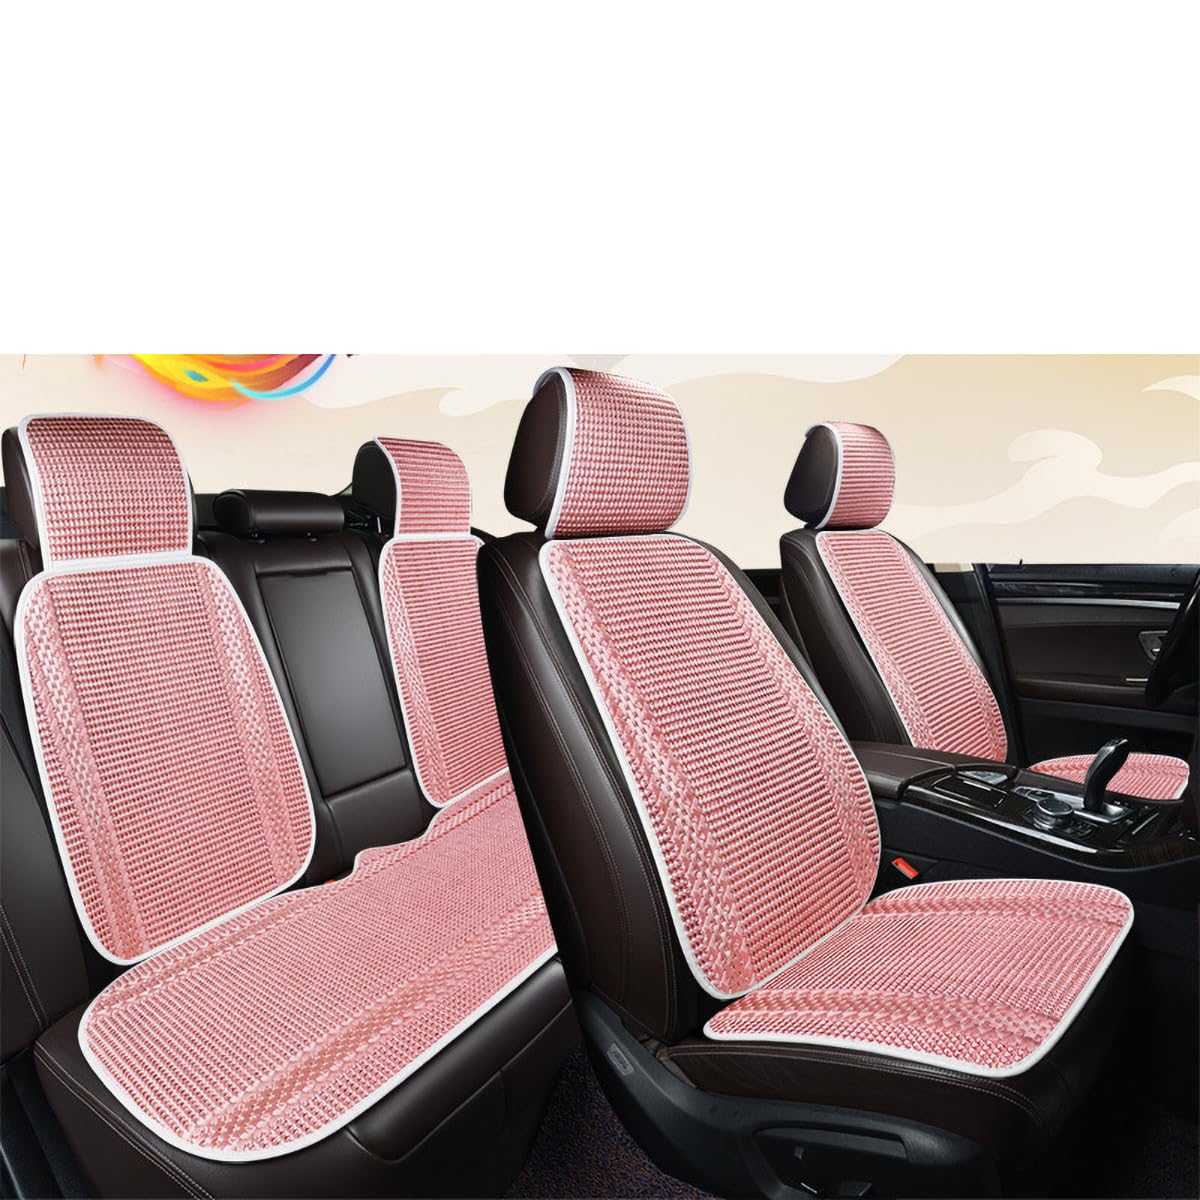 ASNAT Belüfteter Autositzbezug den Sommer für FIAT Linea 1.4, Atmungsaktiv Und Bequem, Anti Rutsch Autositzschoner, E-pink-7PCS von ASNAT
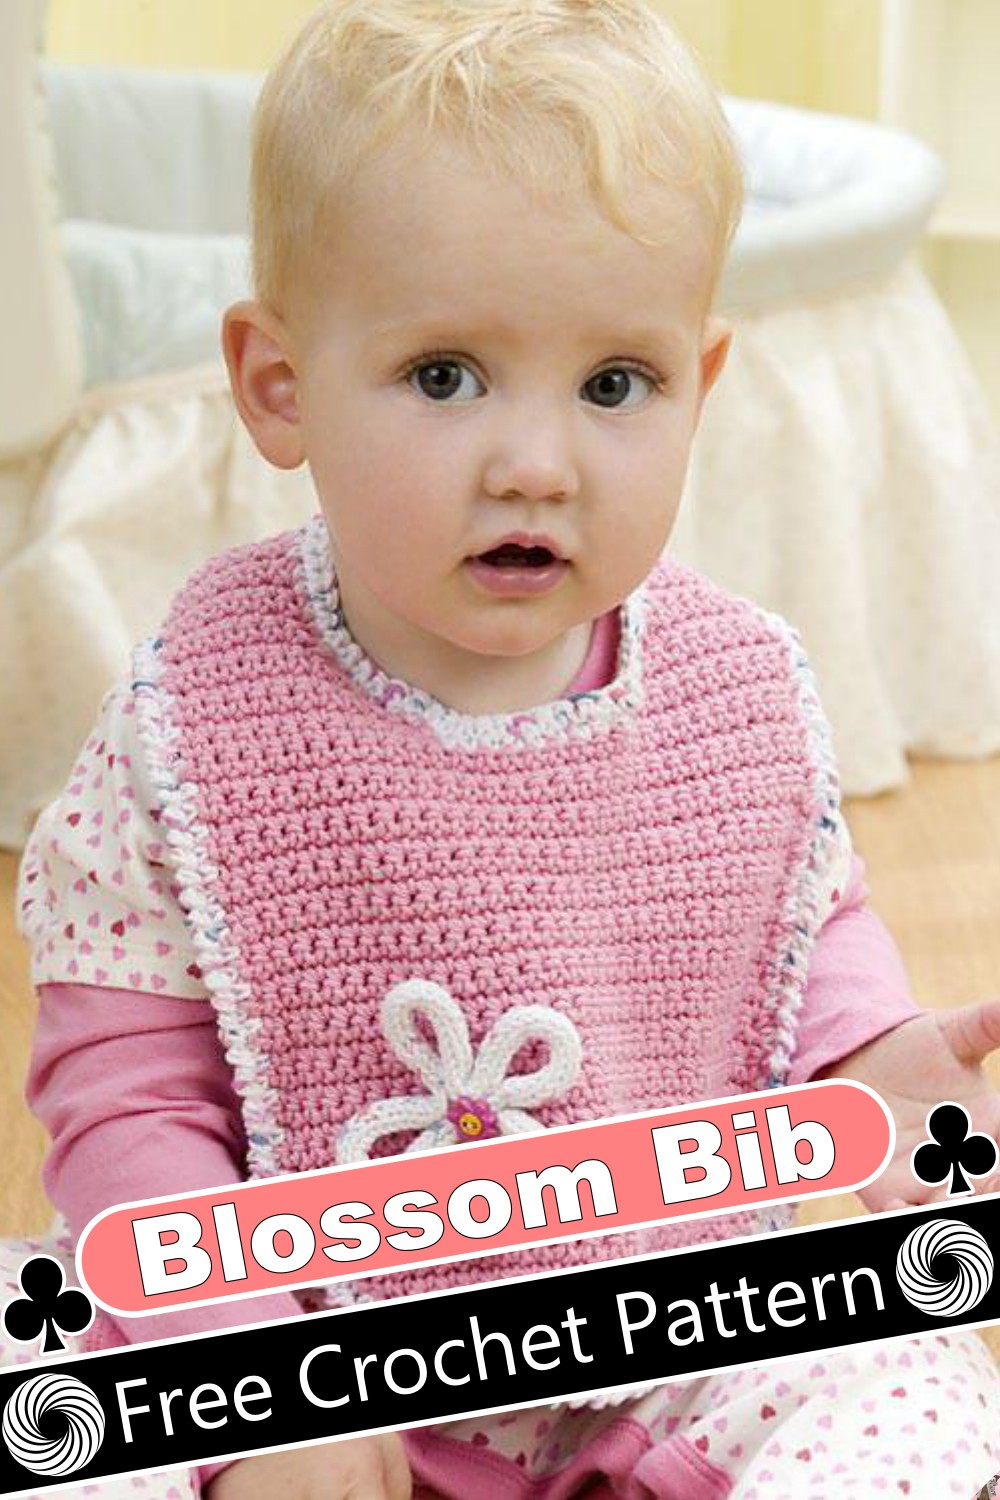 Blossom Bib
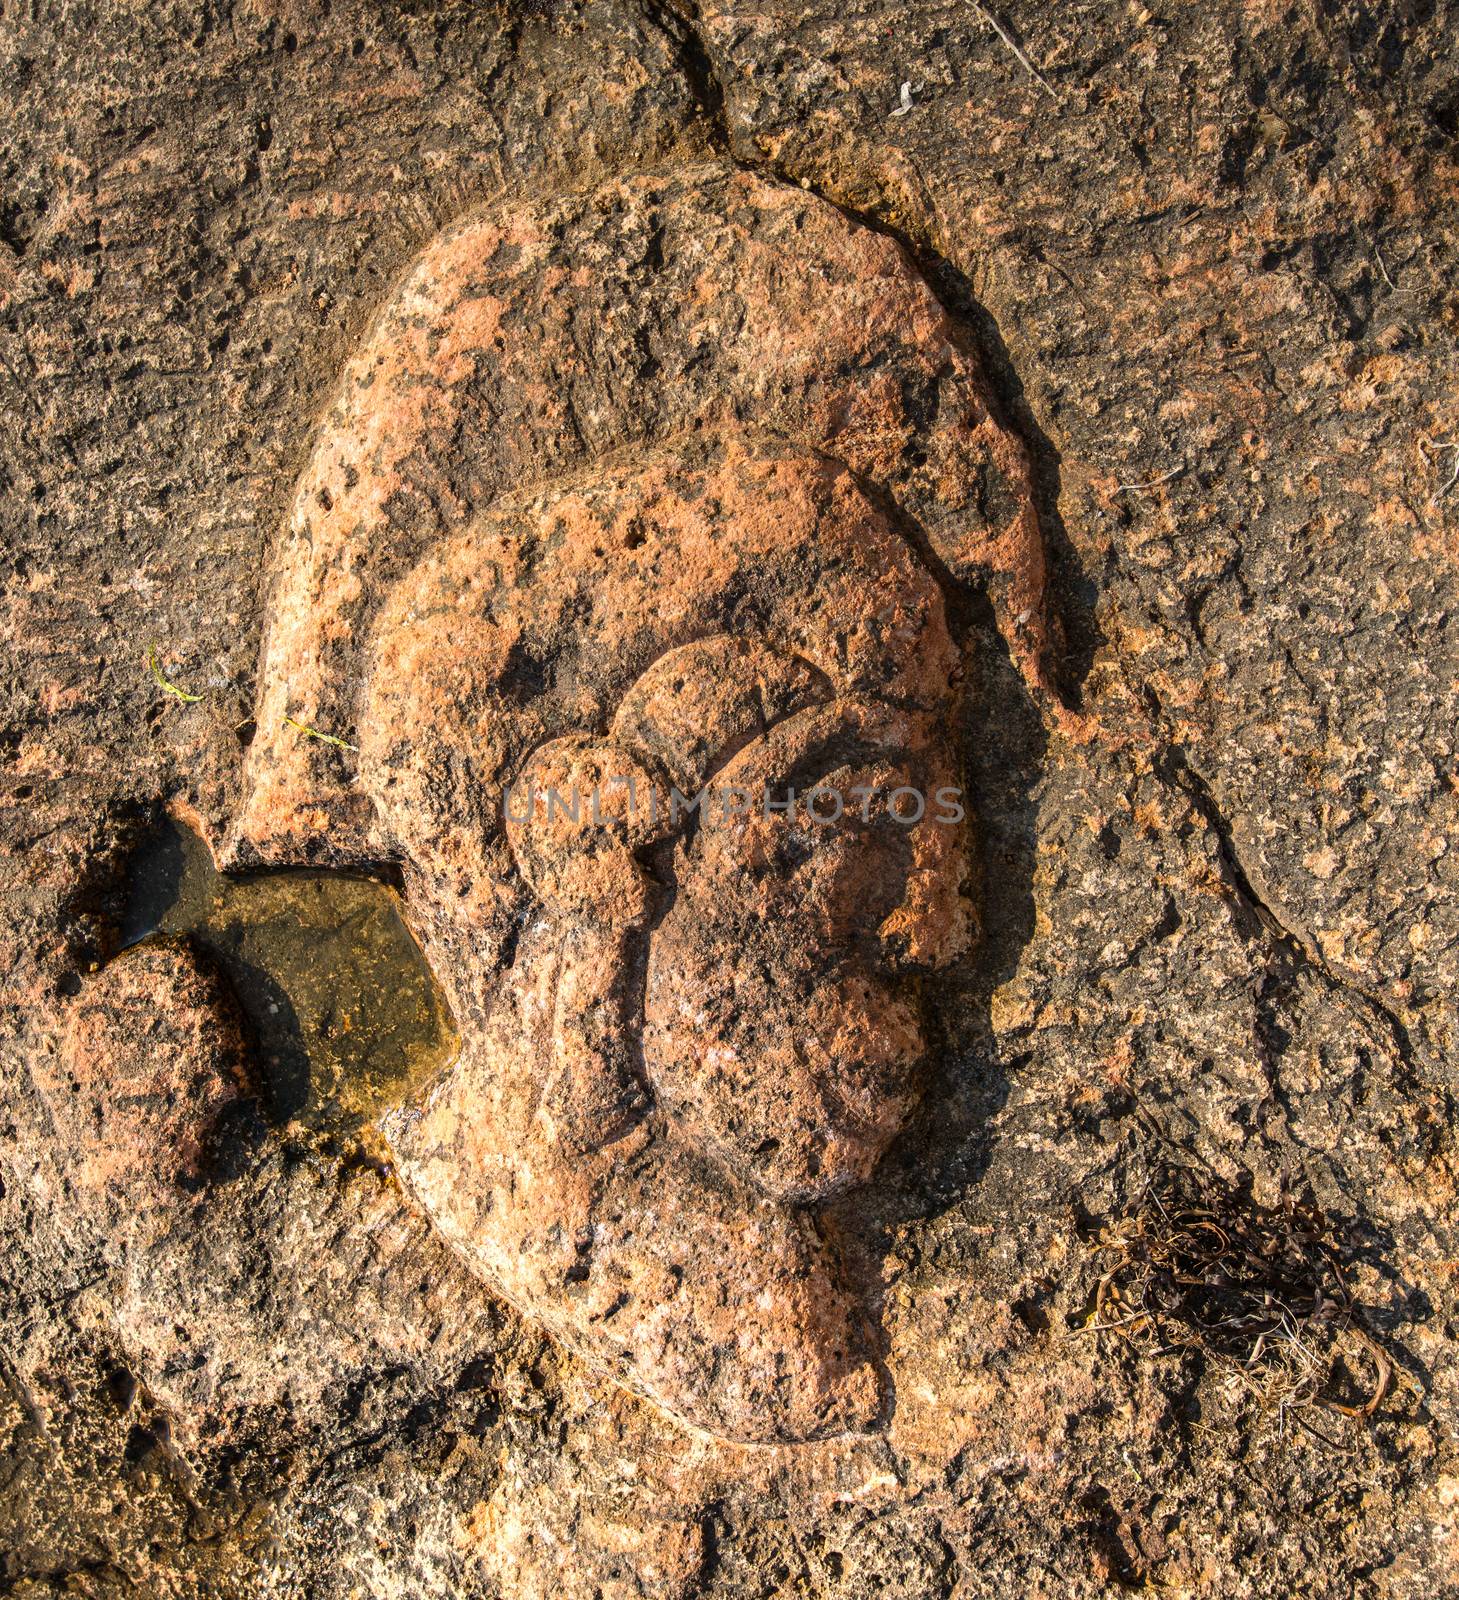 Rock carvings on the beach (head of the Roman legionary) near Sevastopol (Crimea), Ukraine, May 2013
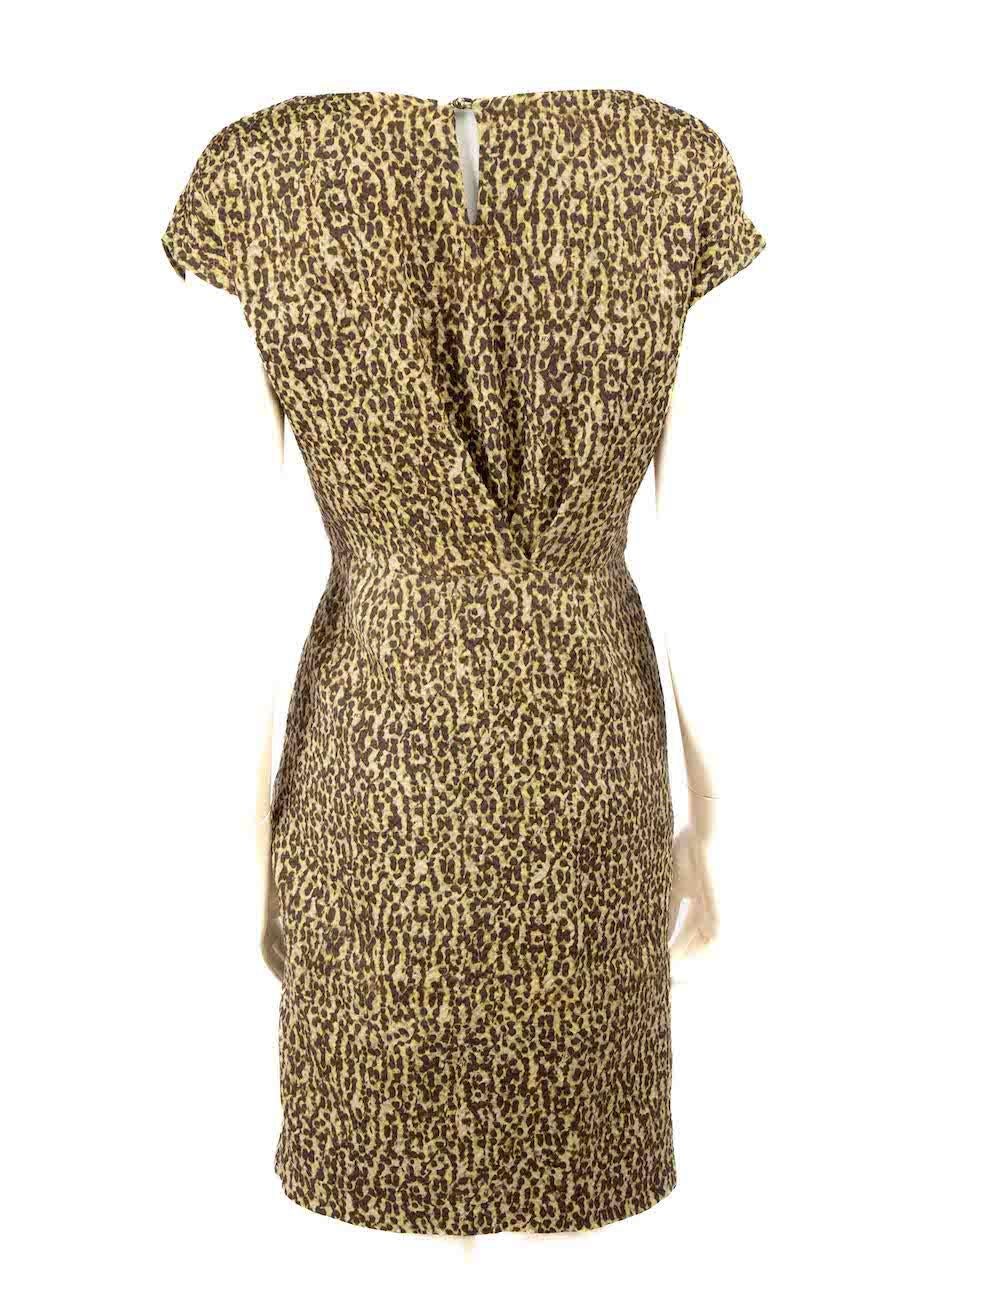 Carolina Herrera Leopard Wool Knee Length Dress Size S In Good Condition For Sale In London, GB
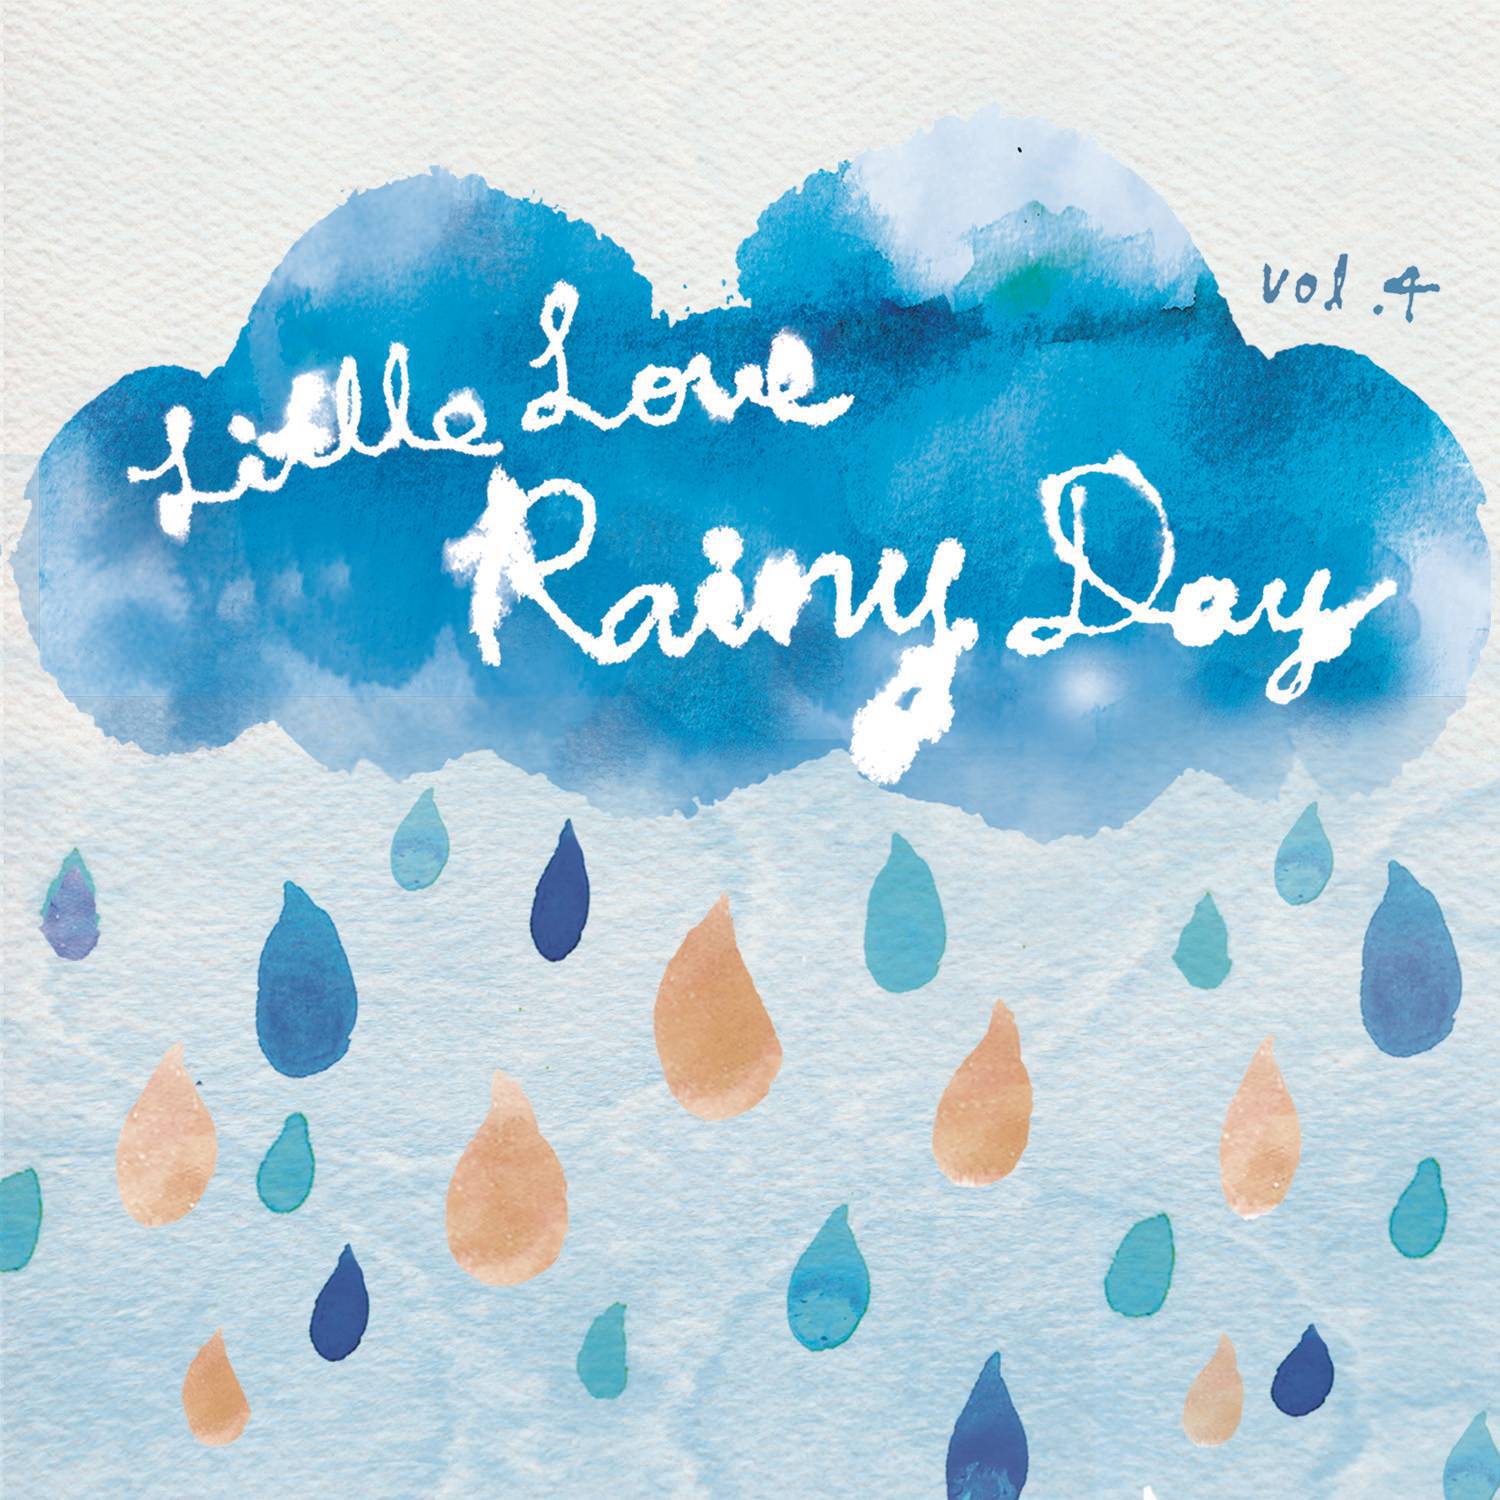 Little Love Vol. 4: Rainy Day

- Task to carry out:
Go through the listing above and write it all out exactly, leaving out any picture.

- Exercise solution:
 ASNAT Belüfteter Autositzbezug den Sommer für FIAT Linea 1.4, Atmungsaktiv Und Bequem, Anti Rutsch Autositzschoner, E-pink-7PCS von ASNAT
 Blossom Bib
 Rock carvings on the beach (head of the Roman legionary) near Sevastopol (Crimea), Ukraine, May 2013
 Carolina Herrera Leopard Wool Knee Length Dress Size S In Good Condition For Sale In London, GB
 Little Love Vol. 4: Rainy Day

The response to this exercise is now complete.